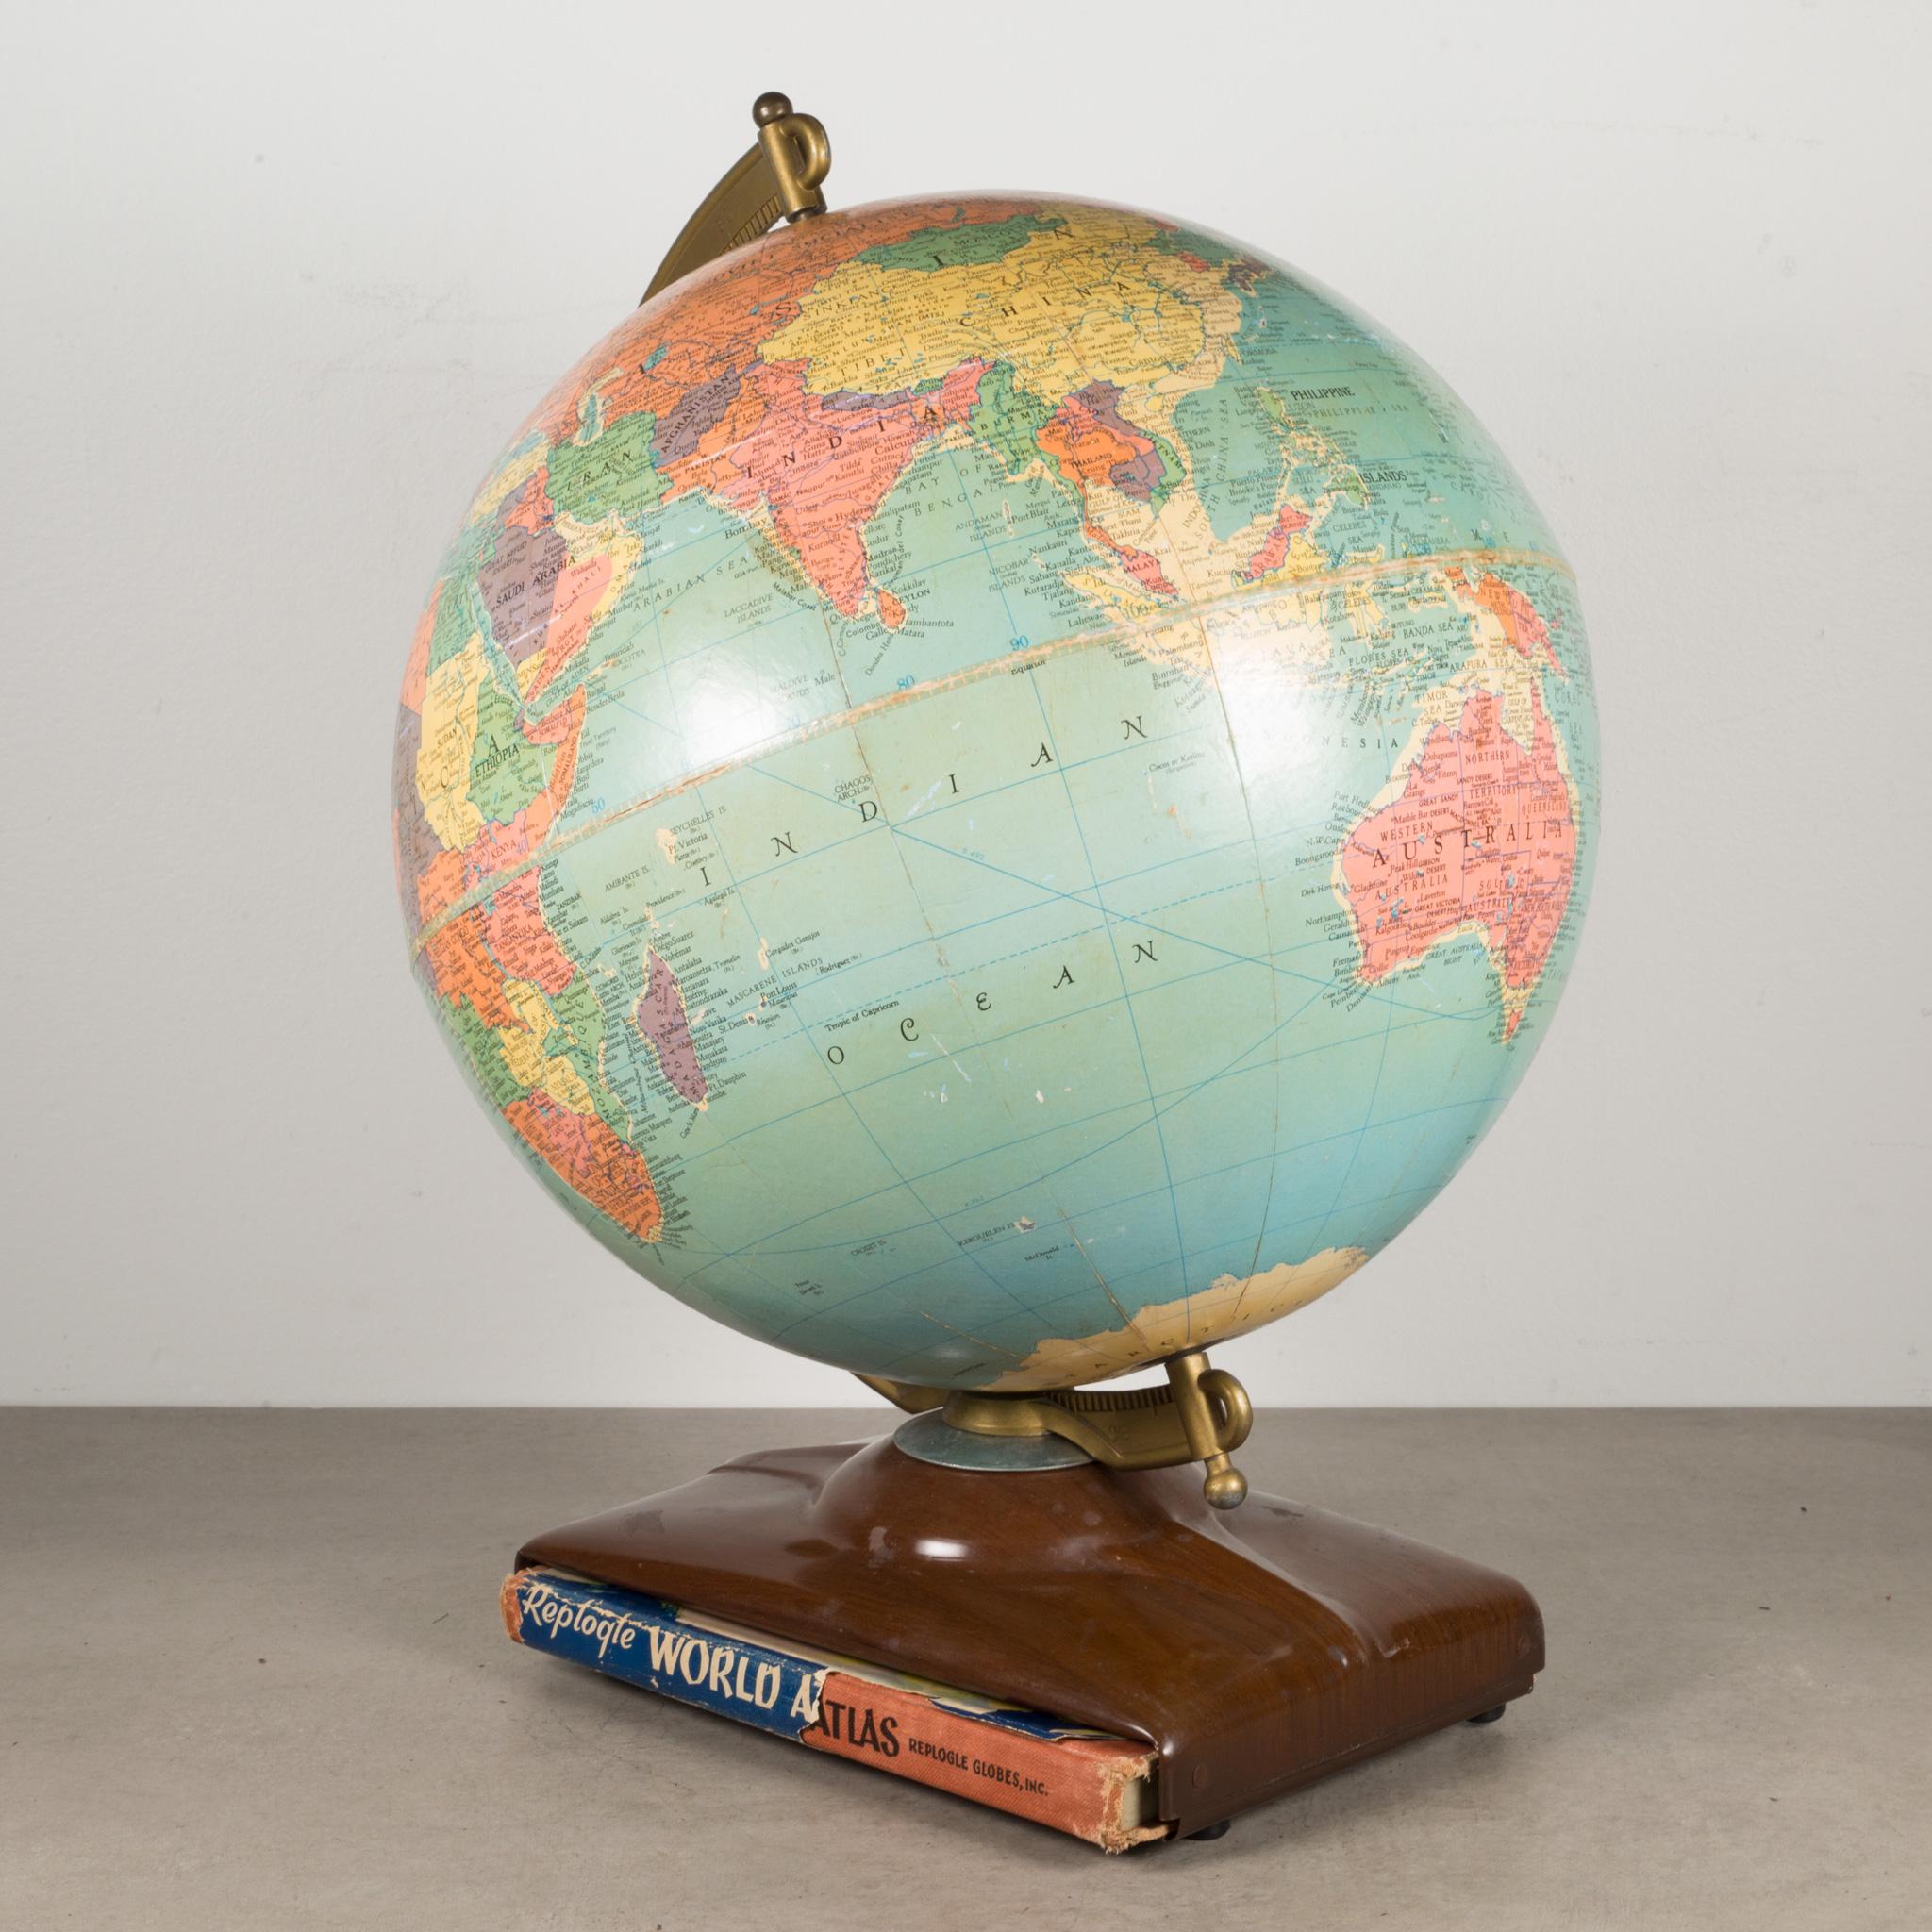 ABOUT

A replogle standard globe with a metal bracket mounted on a metal pedestal. The original atlas slides into the base.

 CREATOR Replogle.
 DATE OF MANUFACTURE c.1961-1964.
 MATERIALS AND TECHNIQUES Metal, Paper.
 CONDITION Good. Wear

===============

Output exactly the lines between the one containing "DATE OF MANUFACTURE c.1961-1964." and the final line above, both inclusive.

 DATE OF MANUFACTURE c.1961-1964.
 MATERIALS AND TECHNIQUES Metal, Paper.
 CONDITION Good. Wear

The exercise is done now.